One of the most shocking facts discovered was that no civil society group/ government officials had ever visited them, even though this area is in the capital city and is situated near Jamia Nagar. How is it possible that NGOs who get crores of rupees to work in slum , to eradicate poverty, to fight with malnutrition, to raise voices for rights, to campaign for education etc; have never visited this area, I wondered.

My report here is dedicated to those people, with the hope that their condition will become better gradually through joint efforts of the government, civil society and Community participation.

In my first sight of this area, I saw children playing, not with modern era toys, but with plastic bags immersed in waste, garbage of river etc.
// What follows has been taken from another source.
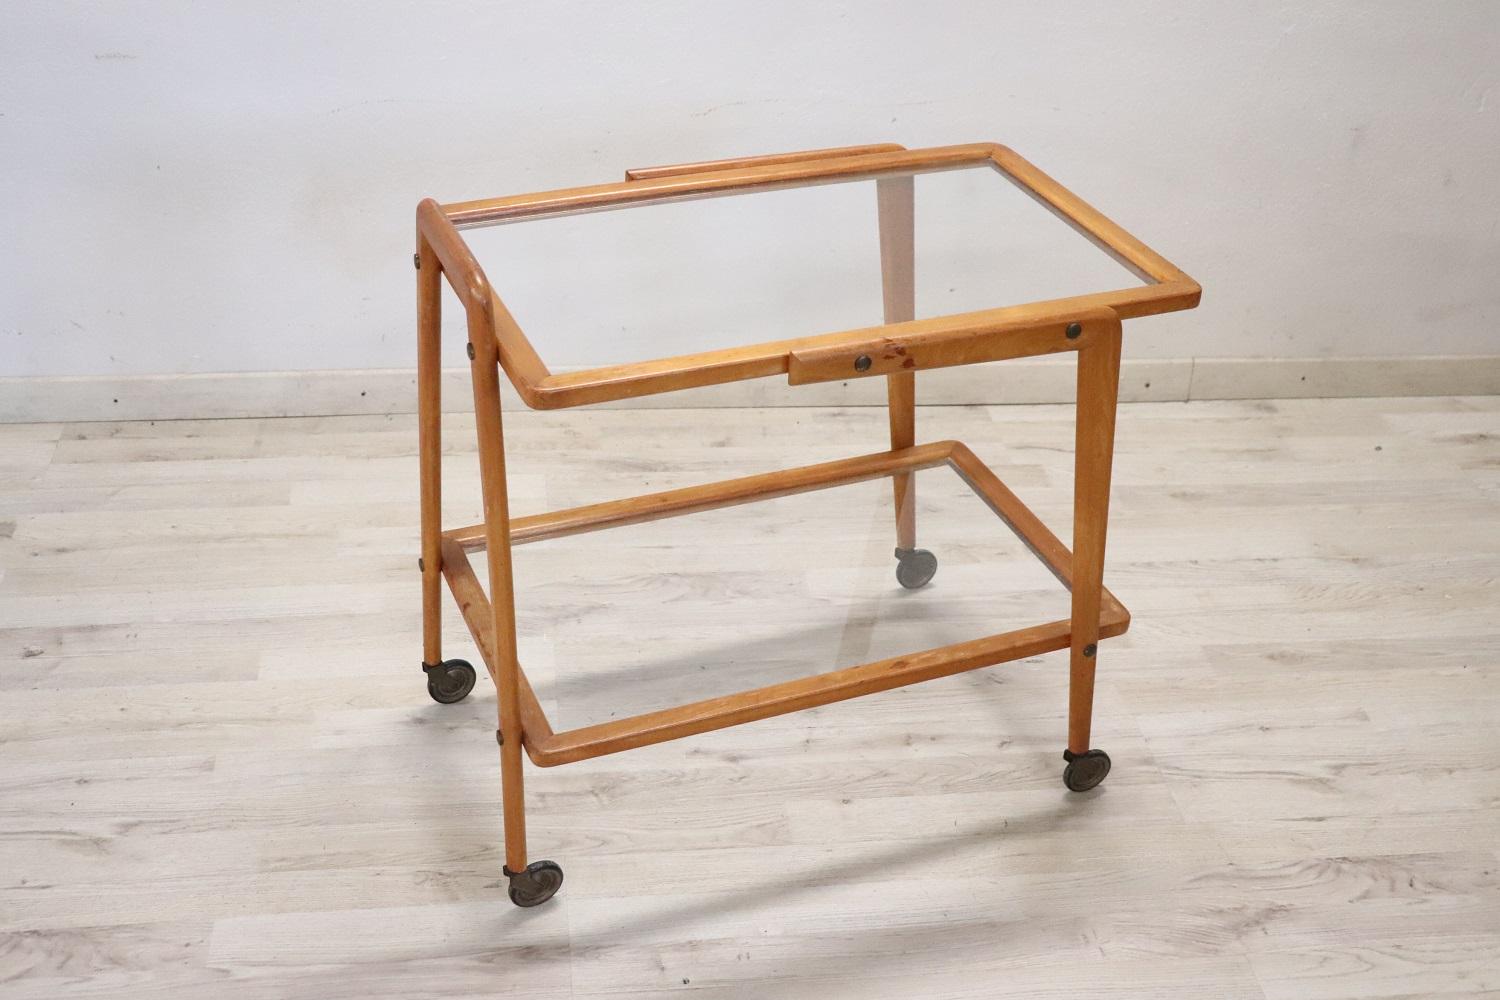 Rare 1950s Italian desgin serving bar cart. Made of beech wood equipped with two glass shelves and brass wheels for convenient movement. Perfect for serving drinks to your guests. Vintage good conditions.

I met Md. Jais, the only school going boy among the 12 families that I had met. I asked him why he was going to school and what does he want to become when he grows up. His reply was unexpected. He smiled…‘’doctor’’ he replied, in a low pitch. Probably he thought that his desire would be seen as a joke. He was so dirty with his clothes, but probably so fresh in mind, he was so unhygienic in physical condition, but so pure from heart. His mother proudly smiled with a pain. The pain was her foresight by which she was almost sure in her heart about the future of her child. Her heart was breaking in parts at the same moment… she was thinking that her child will not become a doctor due to her poverty, at the same time, another part of the heart believe in God, then again the man of her heart tells that even if God will not want, she will make it happen through her hard labor; another moment she again became dependent on people around her to support her, and then some more and more thoughts…. Now, My voice probably vibrated in her ears because I was in front of her, but she was unaware about my presence, she was in her own thoughts and was busy with listening the sounds of her breaking hearts… but I interrupted (and it helped in stopping the breaking heart in parts).